Singlet-only Always-on Gapless Exchange Qubits with Baseband Control

TL;DR

The paper introduces a new singlet-only always-on gapless exchange (SAGE) spin qubit that offers enhanced coherence and simplified control for quantum computing, overcoming limitations of conventional exchange-only qubits.

Contribution

It presents the SAGE qubit design that is protected from magnetic gradient errors and enables universal control with simplified two-qubit gate operations.

Findings

Coherence times improve by an order of magnitude under magnetic gradient noise.

Single-qubit gate infidelity is significantly reduced compared to conventional qubits.
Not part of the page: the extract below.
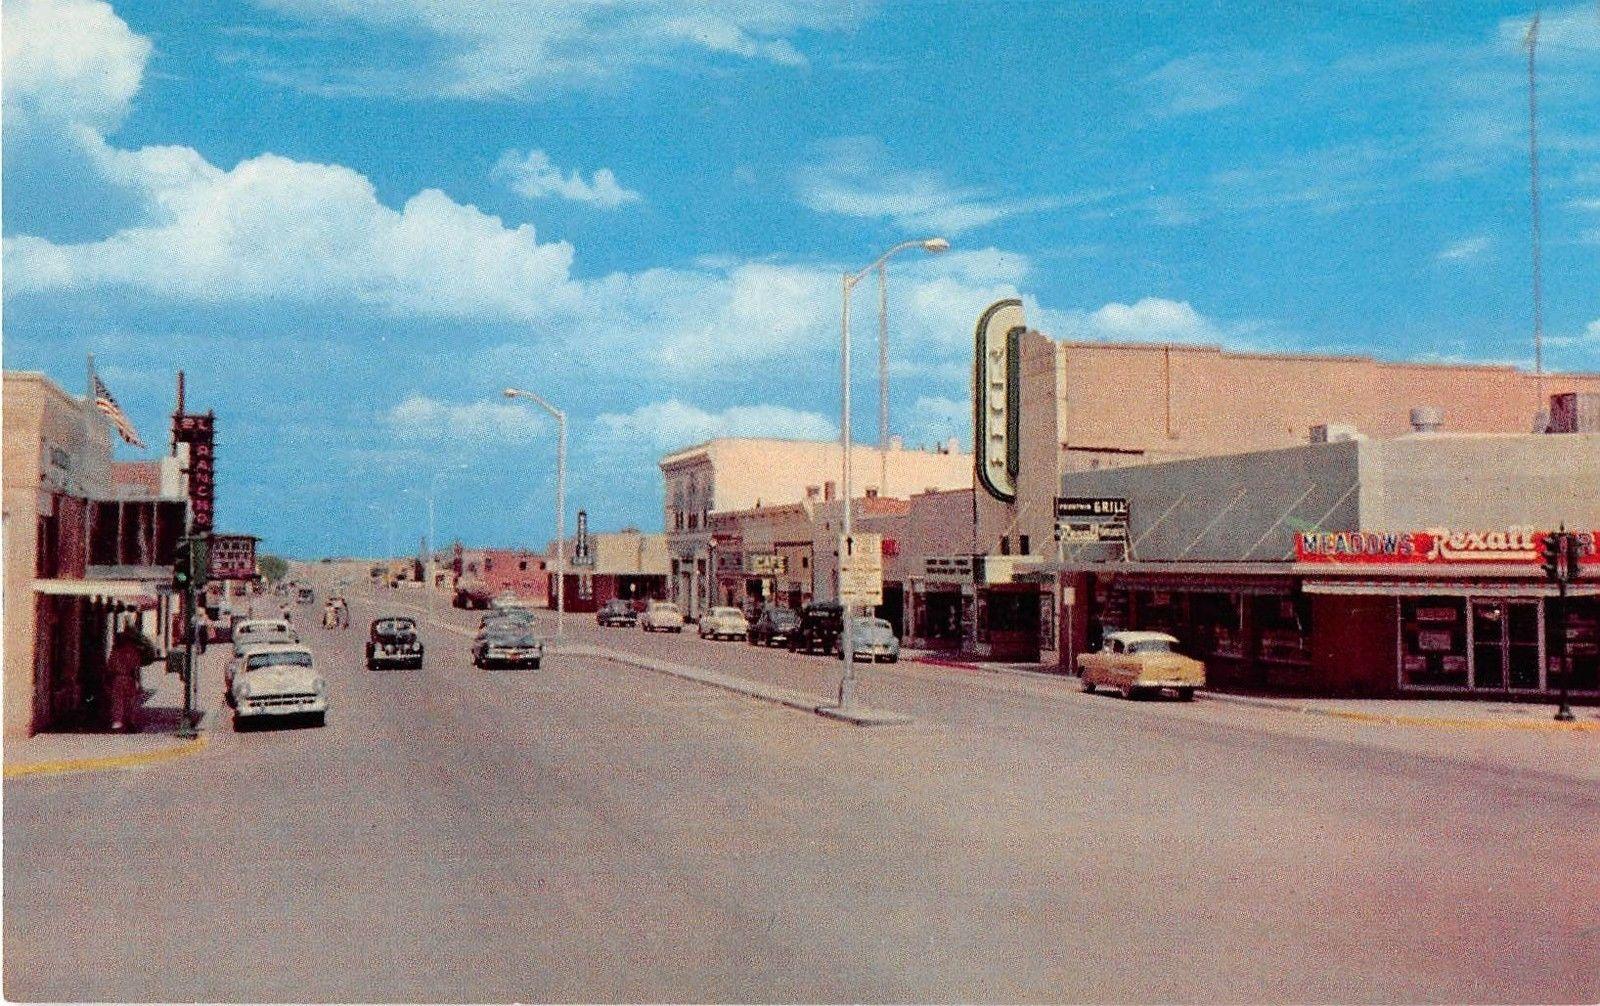 Meadows Rexall Drug Store Deming New Mexico 1954 linen
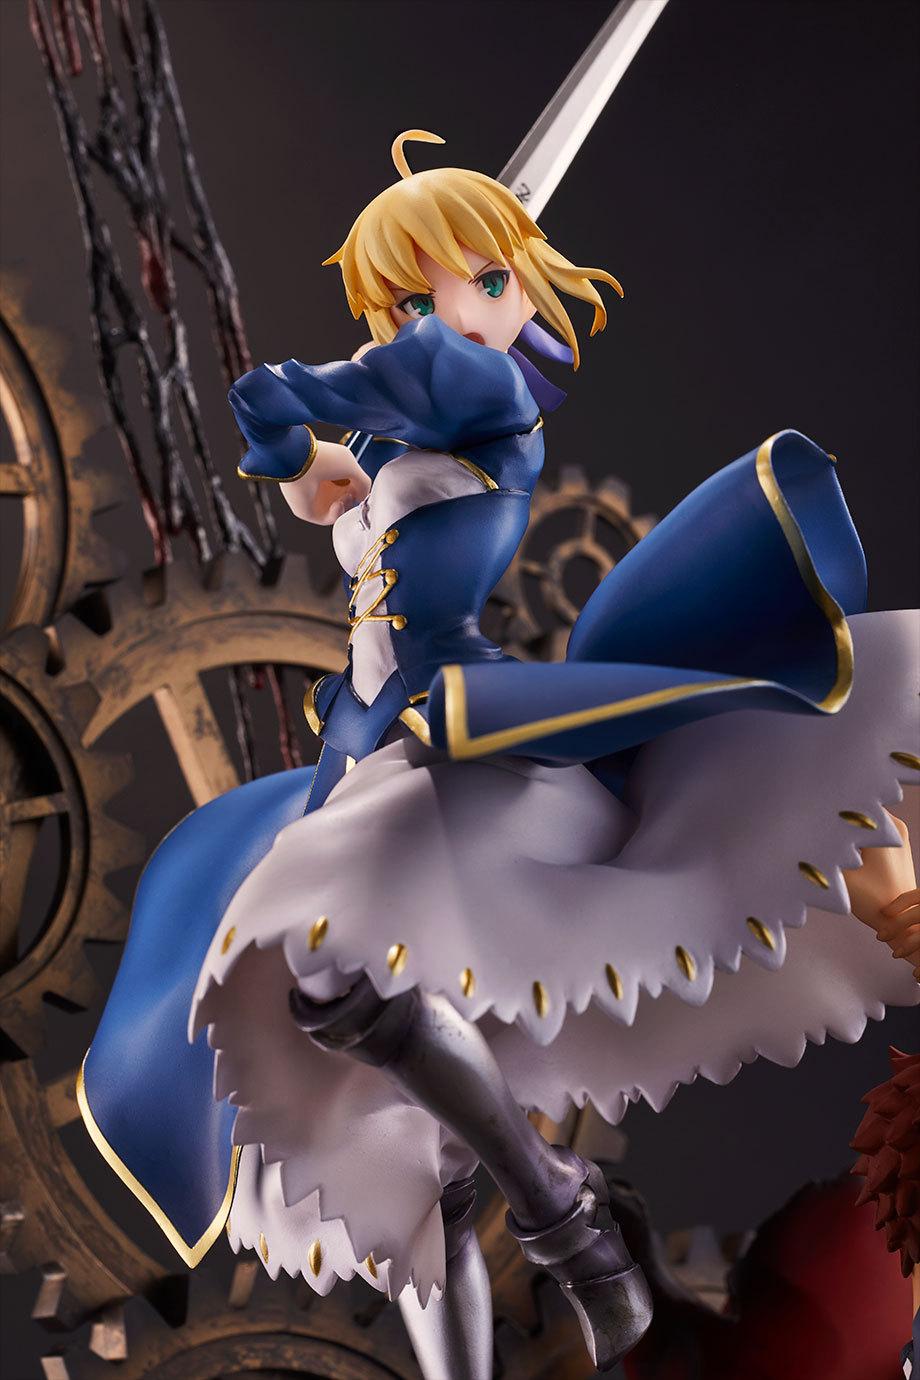 Fate/stay night 15周年纪念Figure -轨迹- Aniplex+ Saber

Two-qubit gates can be performed with a single exchange pulse, simplifying control sequences.

Abstract

We propose a singlet-only always-on gapless exchange (SAGE) spin qubit that encodes a single qubit in the spins of four electrons while allowing universal baseband control. While conventional exchange-only qubits suffer from magnetic-field-gradient-induced leakage and coherent errors, for instance due to local nuclear environments and variations in the $g$-factor, the SAGE qubit subspace is protected from coherent errors due to local magnetic field gradients and leakage out of the computational subspace is energetically suppressed due to the exchange interactions between electrons being always-on. Consequently, we find that when magnetic gradient noise dominates over charge noise, coherence times and single-qubit gate infidelities of the SAGE qubit improve by an order of magnitude compared to conventional exchange-only qubits. Moreover, using realistic parameters, two-qubit gates can be performed with a single interqubit exchange pulse with times comparable in duration to conventional exchange-only qubits but with a significantly simplified pulse sequence.